Along with the guitar and the multitude of other instruments she learned to play – trumpet, accordion, piano, mandolin, lap steel – Wonderland’s ability to whistle remains most unusual. Whistling is a uniquely vocal art seldom invoked in modern music, yet it’s among the most spectacular talents the human voice possesses.

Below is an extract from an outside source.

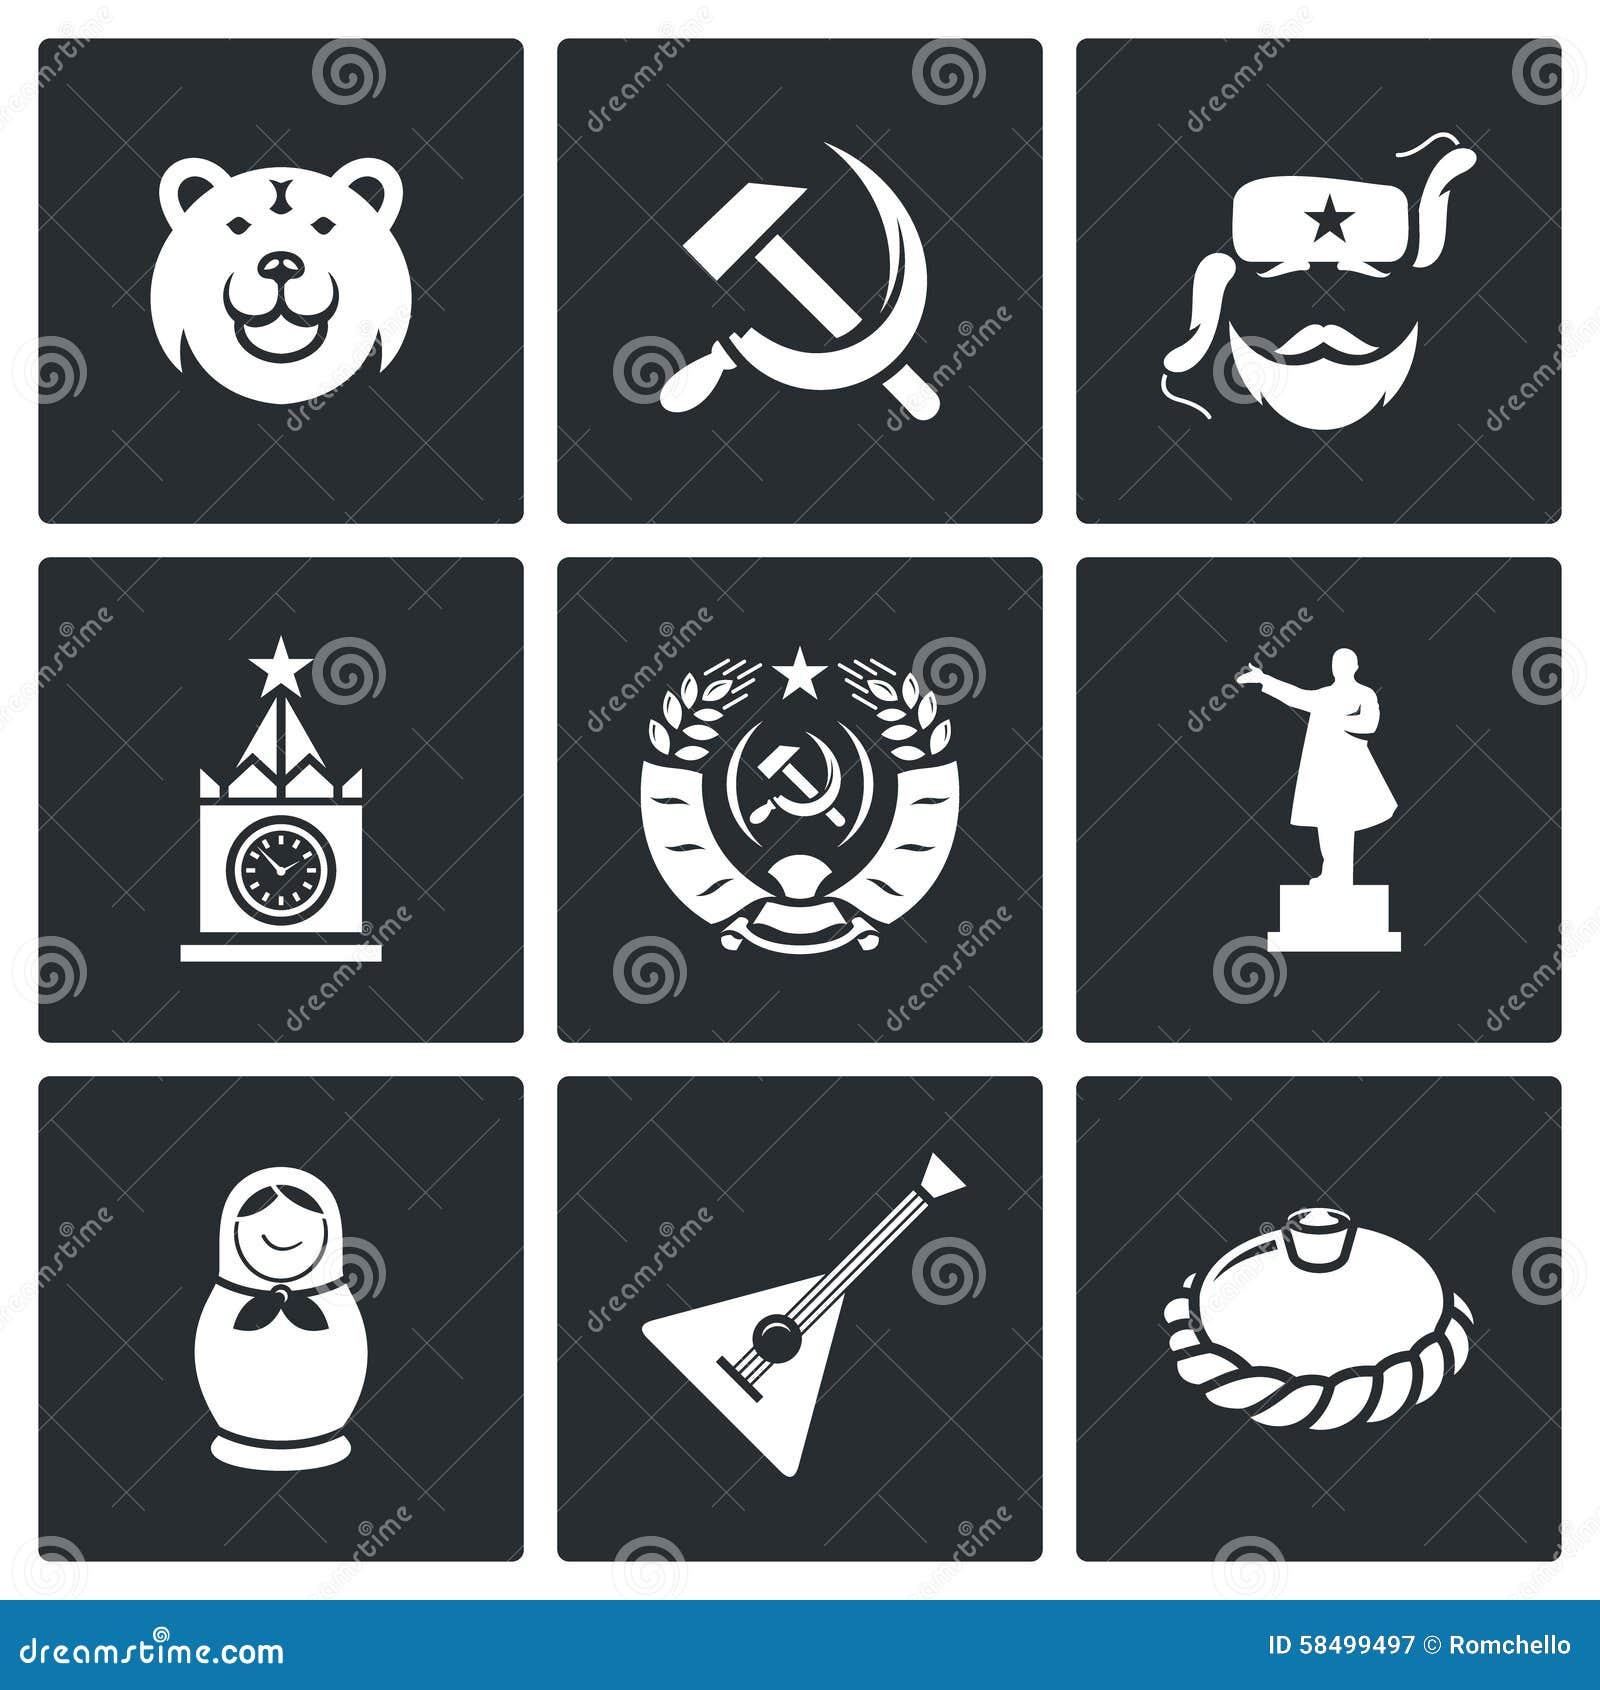 Вице-президент ПА НАТО Юкнявичене предлагает маркировать российские телеканалы в Европе, - нардеп Фриз - Цензор.НЕТ 13

That vocal proficiency was well-established in the singer’s midteens, landing her gigs at Fitzgerald’s by age 15. She absorbed Houston influences like Little Screamin’ Kenny, Albert Collins, Lavelle White, Jerry Lightfoot, Joe “Guitar” Hughes, Little Joe Washington, “borrowed” a car to sneak out and jam ended up swapping songs with Townes Van Zandt at Houston’s Local’s on White Oak, got involved in the underground theater scene becoming the first “Photochick” in Jason Nodler’s “In the Under Thunderloo” and soaked up touring bands like the Paladins, Los Lobos, and the Mad Hatter of Texas music, Doug Sahm. Her music played in television series such as “Time of Your Life” and NBC’s “Homicide.” The Lone Star State was as credible a proving ground for blues in the 1980s and 90s as existed, especially in Austin with Stevie Ray Vaughan & Double Trouble, the Fabulous Thunderbirds, Angela Strehli, Omar & the Howlers, and Lou Ann Barton all in their prime. By the following decade, Austin’s blues luster thinned, but Houston, always a bastion of soul and R&B, boasted the Imperial Monkeys with the effervescent Carolyn Wonderland as ruler of the jungle.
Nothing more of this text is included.